Under the changes, to come into effect in July 2022, families with more than one child aged five and under in care will see a 30 per cent increase in the level of subsidy received - to a maximum subsidy of 95 per cent - for their second and subsequent children.
The government said this will benefit 250,000 families.
The $10,560 subsidy cap per child will also be removed for families with a combined income of more than $189,390.
Ms O'Connor said she and her partner Adrian Milne - who is a full-time accountant - were investigating exactly how the changes would affect their Hamilton South family, which includes twins Orlagh and Sadbh, aged three, and son Tadhg, aged two.
But they believe they will be better off.

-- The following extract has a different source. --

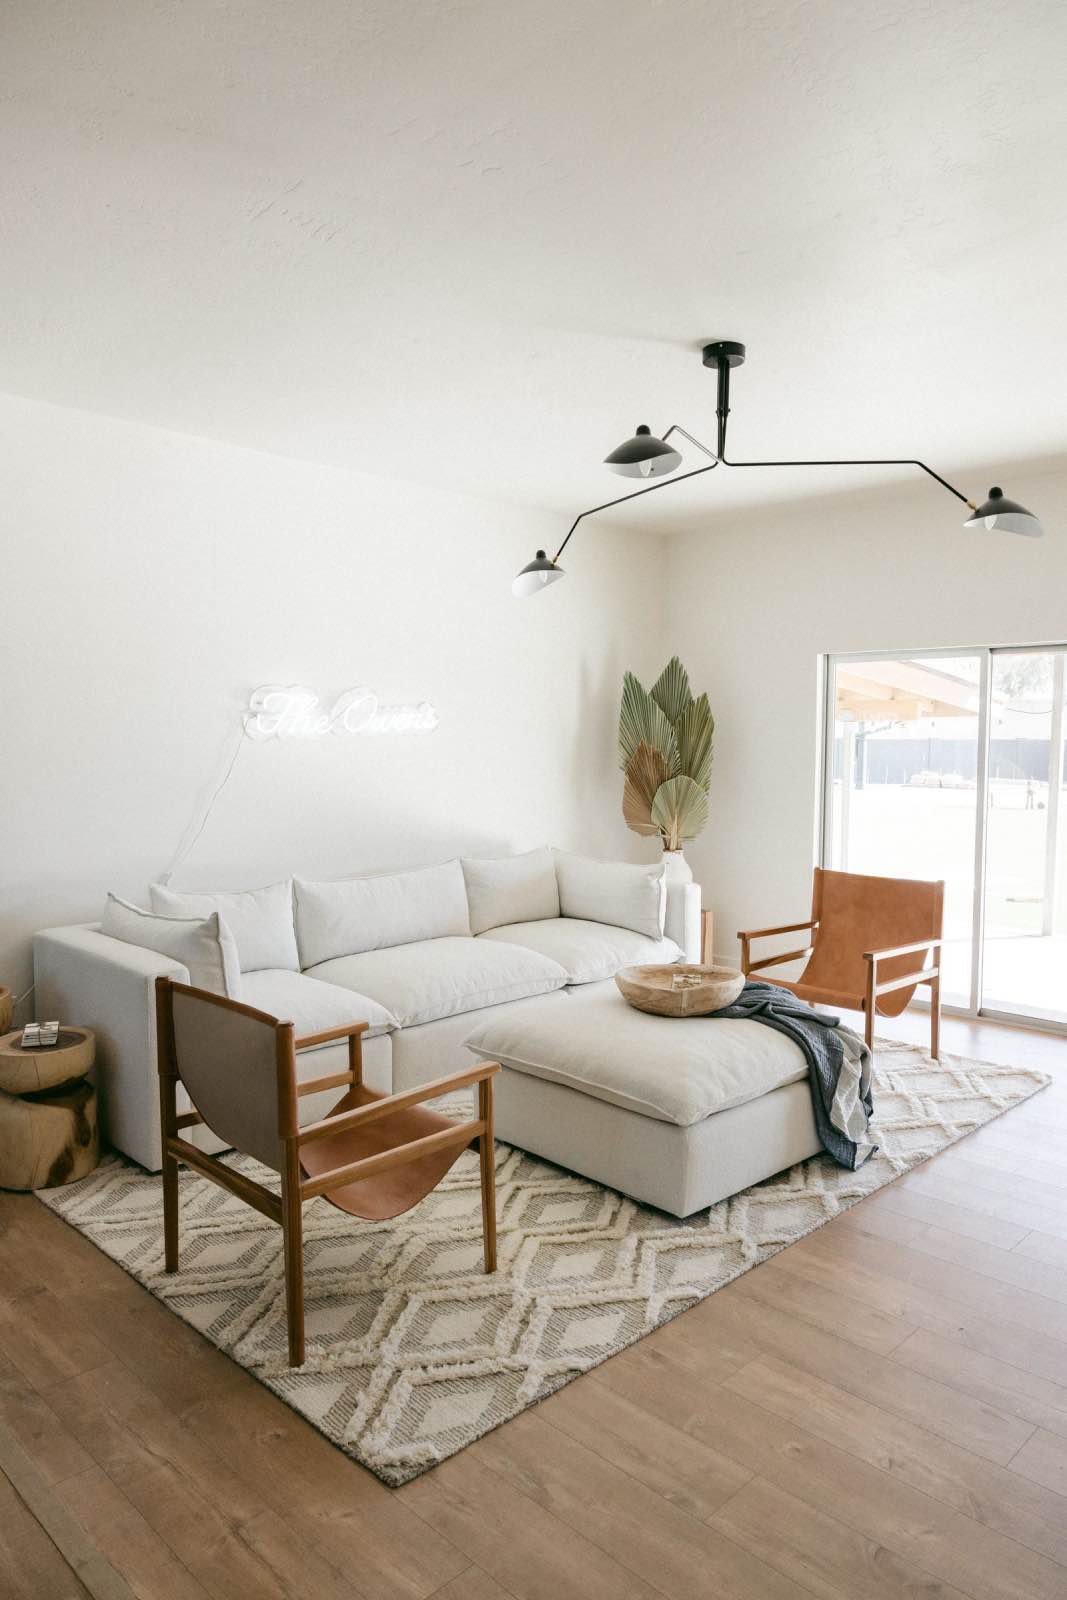 sala de estar de tonos neutros con sofá blanco y sillones marrones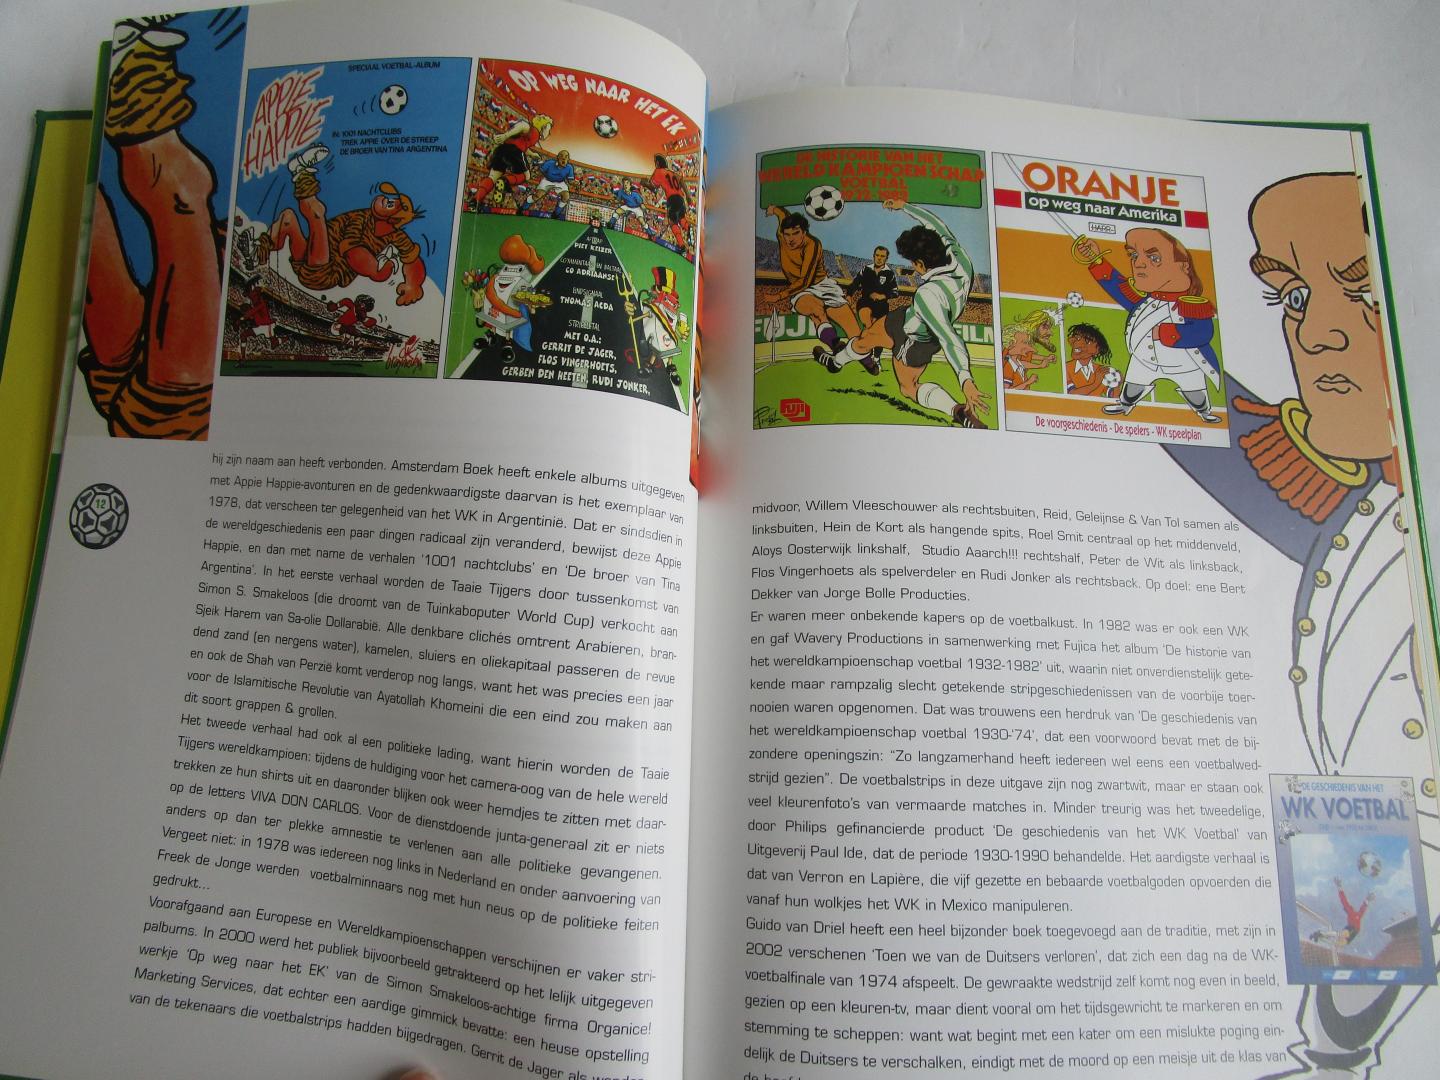 Gemeente Haarlem (uitgave van) - klonen van Kick Wilstra, De  - Een boek over strips, voetbal en HFC Haarlem -

Ms O'Connor said the family pays $140 a day for child care for their three children and she takes home $450 from two days work.
She said the gap between child care fees and her take home pay would only grow if both the subsidy they received increased and her pay did too.
"If the changes were to come into effect I would definitely put the kids into care for probably three or four days rather than the two, because financially it would be a bit more worth it," she said.
"It would be fantastic, coming from the experience of having the twins where everything doubled at once, to have that opportunity to not feel like you're paying double everything.
"It will make it a lot easier to return to the workforce and not feel like you're not really getting much back from it financially if it's all going to child care.
"They really enjoy the child care as well, especially as three year olds and going on four they get the social benefits from being in care and learn a lot from the centre as well."
She said increasing the twins' days at child care would also help with their transition to school in 2023.